LSE’s Noam Schimmel argues in a recent paper that the UN must change its mode of justice for genocide survivors.
Eighteen years have passed since one of the most intense and brutal genocides took place in Rwanda. Almost a million Tutsis were murdered by Hutu extremists in approximately 100 days. Many of those who survived continue to suffer from deprivation and poverty today.
Traditionally, the UN applies retributive justice to create accountability and end impunity but LSE’s Noam Schimmel argues that restorative justice should be applied as an extension of the principle of the Responsibility to Protect (R2P) in his recent paper, The Moral Case for Restorative Justice as a Corollary of the Responsibility to Protect: A Rwandan Case Study of the Insufficiency of Impact of Retributive Justice on the Rights and Well-being of Genocide Survivors.
The principle of R2P is meant to address the international community’s failure to prevent and stop genocides. Schimmel argues that this moral and legal principle “lacks coherence and integrity if it fails to acknowledge that the consequences of genocide extend long beyond the date at which a genocide technically ends and some form of stability and peace, however tentative, returns”.
Schimmel points out that, in some cases, genocide can continue for years because the consequences of AIDS perpetuate a slow process of killing. Many victims of sexual and other forms of violence are left with ongoing life-threatening physical wounds and illness, and psychological stress and trauma are common among genocide survivors. For this reason, R2P must take into account the protection that survivors of genocide need in the medium and long term.

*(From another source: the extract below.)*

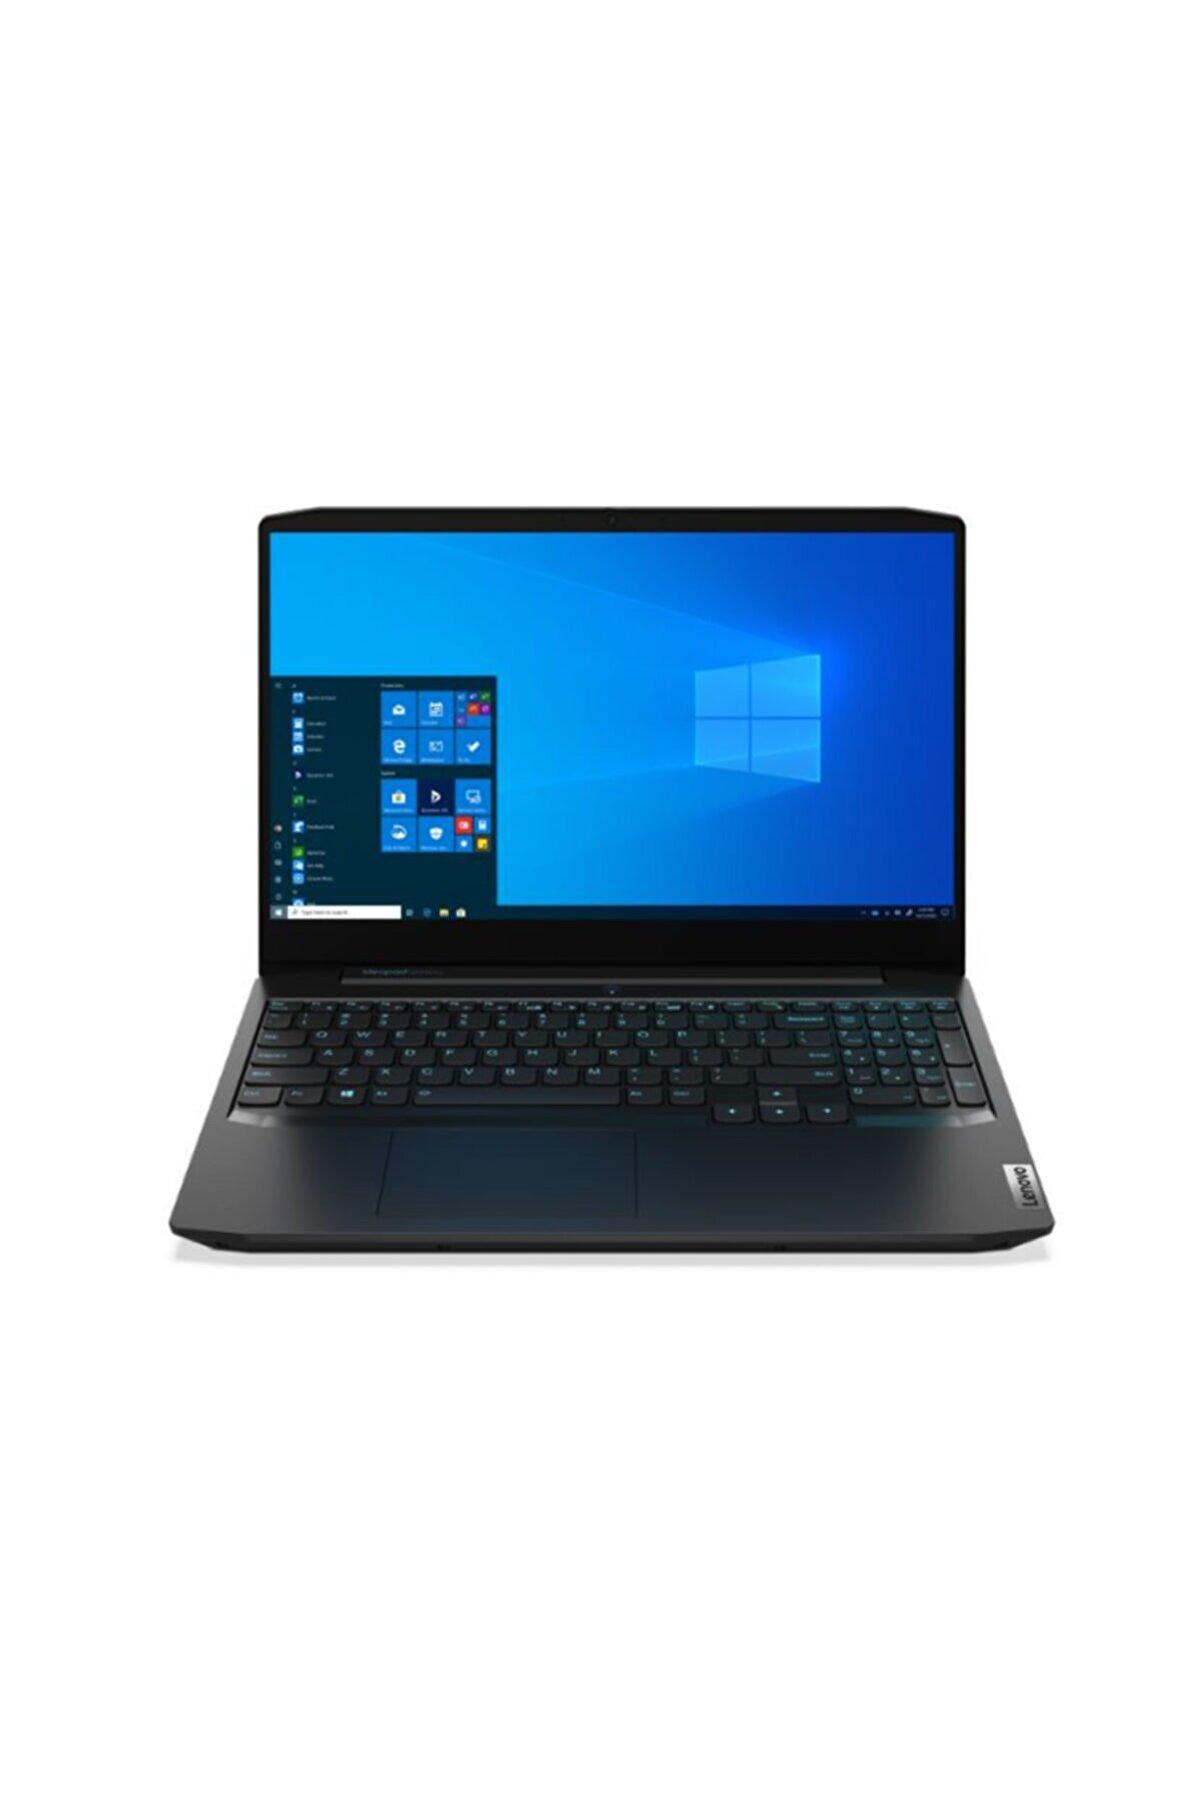 LENOVO Ideapad 81y400datx3 I5 16g 512gb 4gb Gtx1650 15.6 Fhd Fdos

Most definitions of restorative justice include a measure of reparation and reconciliation. However, Schimmel says that while reparation must play a central role in restorative justice, it is unethical that reconciliation, particularly when extraordinary human rights violations are involved, is required implicitly or explicitly from survivors of genocide.
Instead, the primary concern of restorative justice post-genocide should be to focus on protecting and realising the rights and needs of survivors and ensuring their well-being.
This is very much the view of those who suffered through that very difficult time in Rwandan history.
“You cannot have reconciliation,” one survivor said.
“You reconcile two people if it is just a problem, but not when it involves death – it is not appropriate. In effect you are telling victims to shut up.”
In Schimmel’s concept of restorative justice, he puts the victim at the centre. This means their needs become a paramount priority legally, morally, psychologically and socially. While this model acknowledges that “such efforts will likely increase social cohesion, general welfare, the possibility of reconciliation and a sustainable basis for peace through greater equity and human freedom, it does not use itself as an instrument for the sake of achieving these goals”.
In contrast, retributive justice does not ensure that genocide survivors are housed and clothed, that they have access to education, a decent living and adequate nutritional provisions and that they receive the healthcare and psycho-social support services needed to rebuild their lives and rehabilitate their communities. It concerns itself with a very narrow and exclusive remit: to punish perpetrators.
Schimmel cites Morocco as a comprehensive model of providing restorative justice. The government has distributed 85 million dollars in funds to address human rights violations that took place in Morocco mostly between 1981-1991. The money has been used to provide health care, education, a memorial site and employment-creation programmes.
Eighteen years after the genocide, it is still not too late to apply restorative justice in Rwanda. The well-being of 400,000 survivors depends on it.